Community Newsletter: Ethical review boards, Spectrum 10K, participatory tips

by  /  29 May 2022
Speech bubble formed by a network of communication


Illustration by Laurène Boglio

Maybe you found it difficult to scroll through Twitter this week, dominated as it was by tragic details, flat-out falsehoods and so many anger-fueled talking points. We did too. But a few science-related posts caught our eye.

Steven Most, associate professor of psychology at the University of New South Wales in Sydney, Australia, raised an interesting question about what happens when underpowered studies come before ethics review boards.

Dorothy Bishop, professor of developmental neuropsychology at Oxford University in the United Kingdom, directed Most to an opinion rendered by the late statistician Douglas Altman.

Other respondents debated the risk of wasting funding and participants’ time against the value of incremental results that might get rolled up into a meta-analysis, as well as the role of an ethics review board in general.

Ethical issues featured in the background of several other tweets that weighed in on a new update from the Health Research Authority in the U.K., reiterating a “favourable ethics opinion” of the Spectrum 10K study.
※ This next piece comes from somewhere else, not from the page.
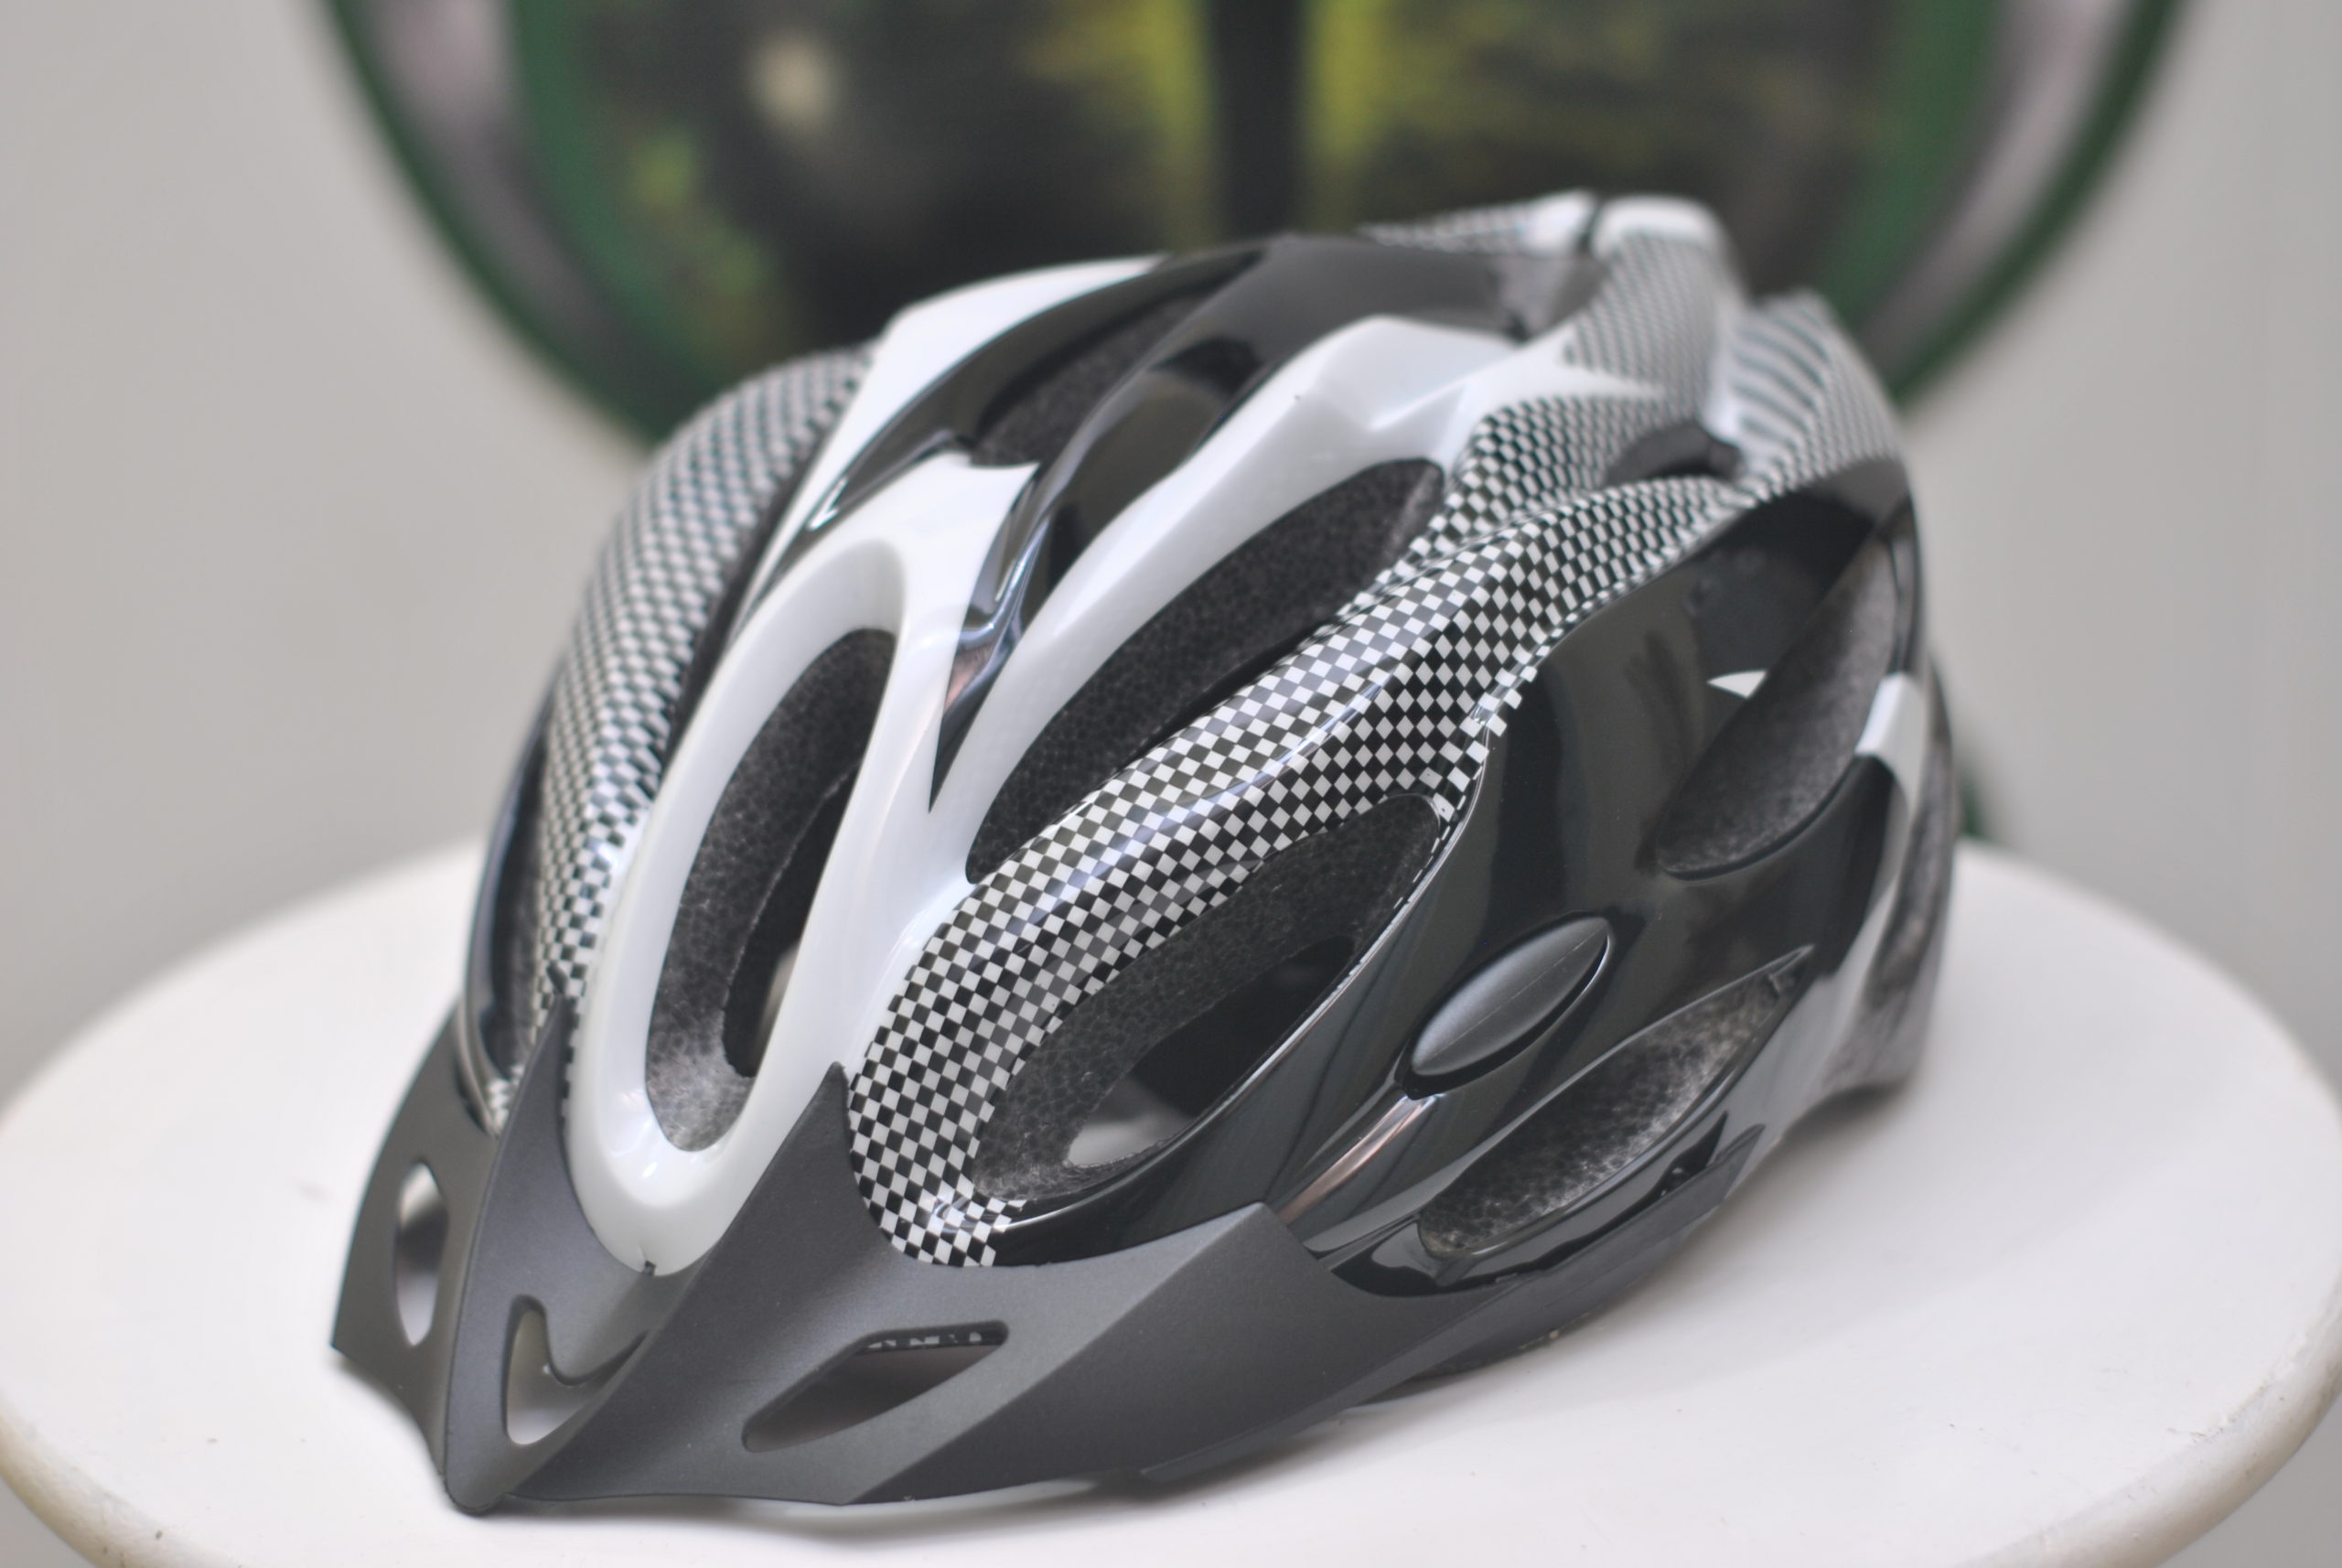 casco_protector_bicicletas_croco_online_store

Spectrum covered the reaction on Friday.

The team behind the project — the largest autism genetics study to date in the U.K. — hit pause on their work in September, following a backlash from autistic self-advocates online. A “Boycott Spectrum 10K” page and a related Facebook group raised questions around how the study might share people’s data and if its findings might lead to prenatal tests for autism.

Predictable response,” tweeted autistic researcher Damian Milton, senior lecturer in intellectual and developmental disabilities at the University of Kent in the U.K., but not in line with the opinion of “many the project is supposed to be about.”
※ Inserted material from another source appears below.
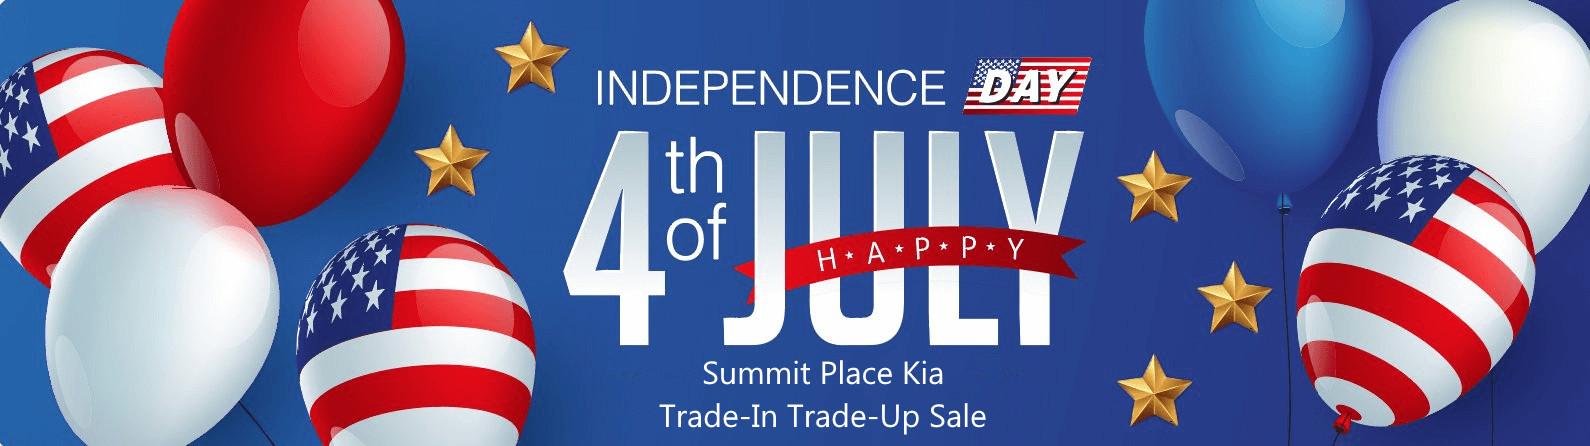 Kia 4th of July Car Sale

Felicity Sedgewick, lecturer in psychology and education at Bristol University in the U.K., also shared her disappointment. “There can be a time and a place for genetics research,” she wrote. “But it shouldn’t be led by those who apparently ignore the people whose DNA they want.”
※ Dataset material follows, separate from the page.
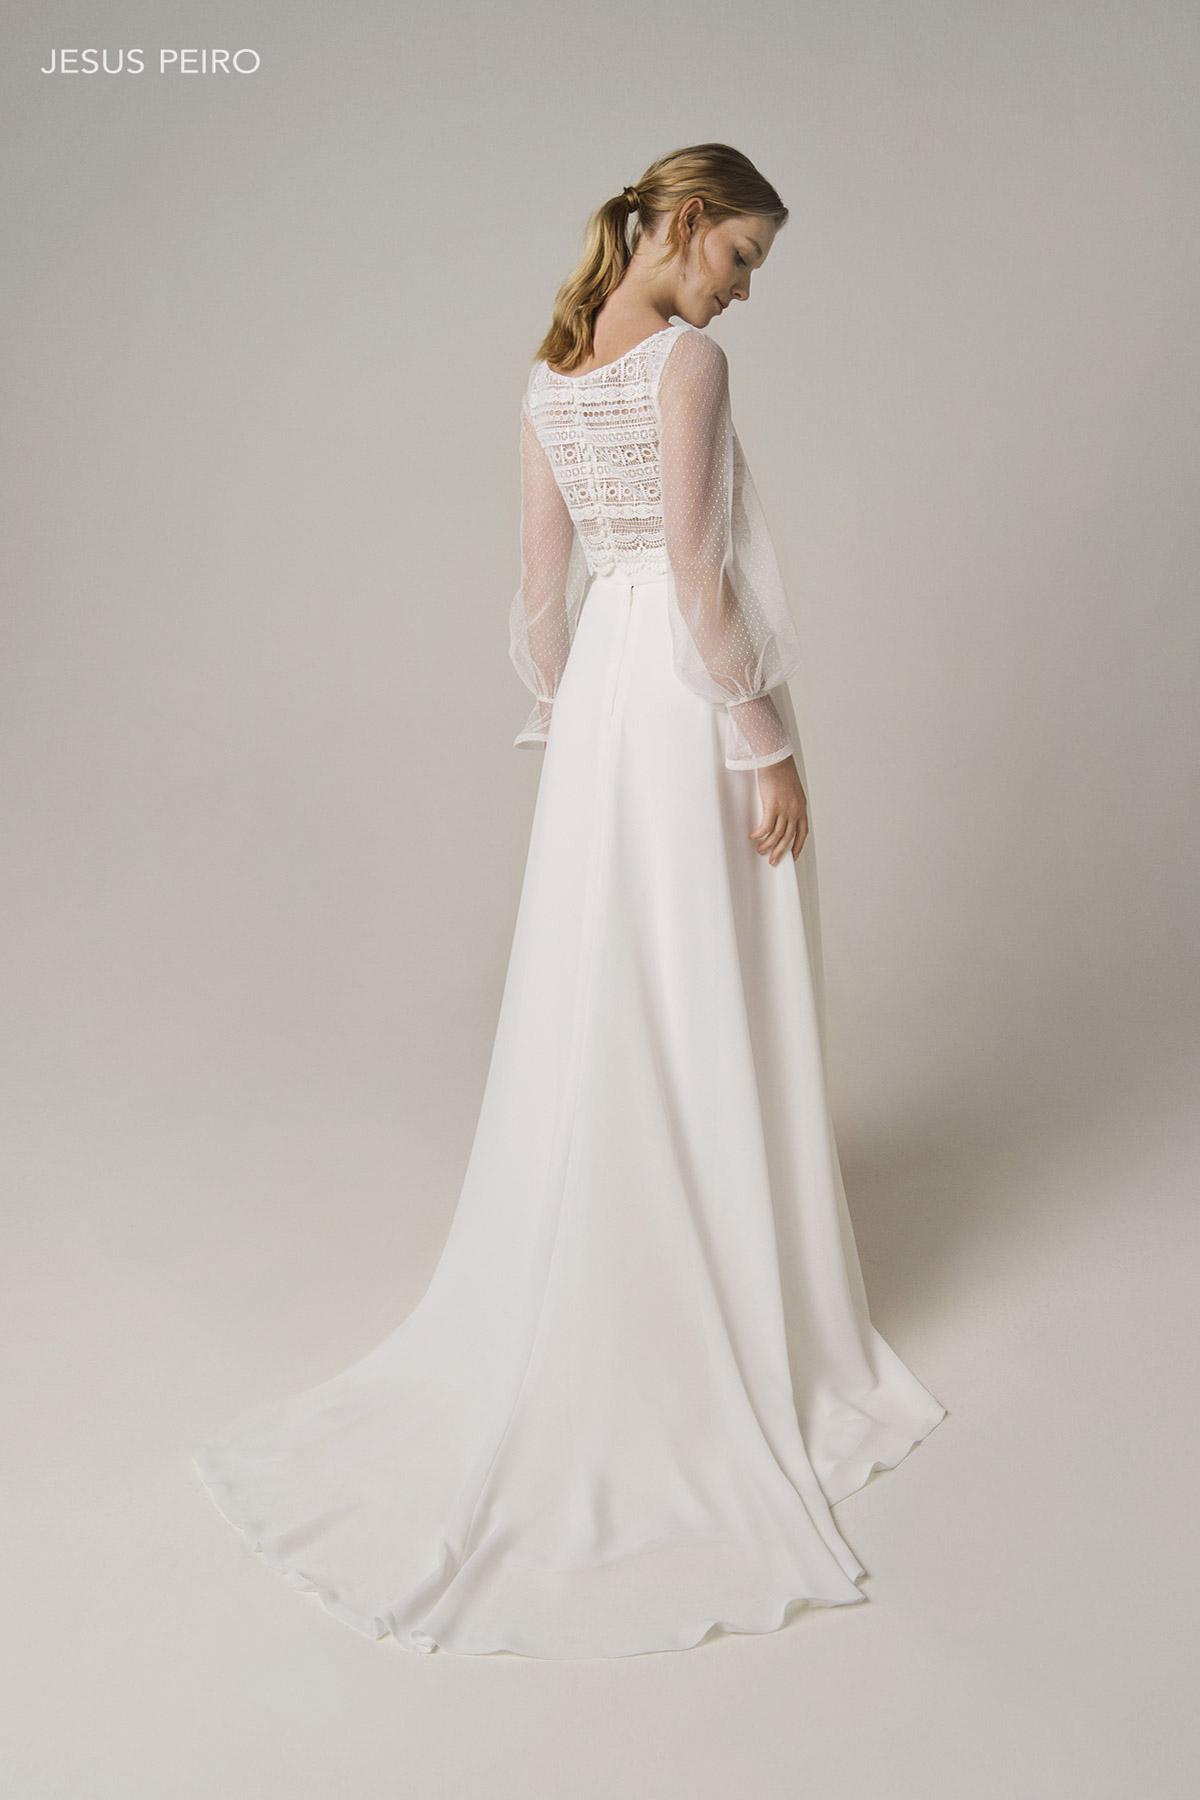 Vestido novia Jesús Peiró Ref.238

“The views of the public and research participant community are extremely important as part of fulfilling our role to ensure that the rights, safety, dignity and well-being of participants are respected and to promote high-quality, ethical research,” the Health Research Authority update noted. It praised the Spectrum 10K team for pausing their efforts voluntarily and using that time “as an opportunity to involve more people in a wider consultation.”

Meanwhile, Mary Doherty, founder of Autistic Doctors International and consultant anesthetist at Our Lady’s Hospital in Navan, Ireland, tweeted about a webinar scheduled for 11 June in which she plans to discuss “Why would a neurodiversity-affirmative #autistic advocate be involved with biomedical autism research?”

“Very cool and important topic,” responded Sue Fletcher-Watson, professor of developmental psychology at the University of Edinburgh in Scotland.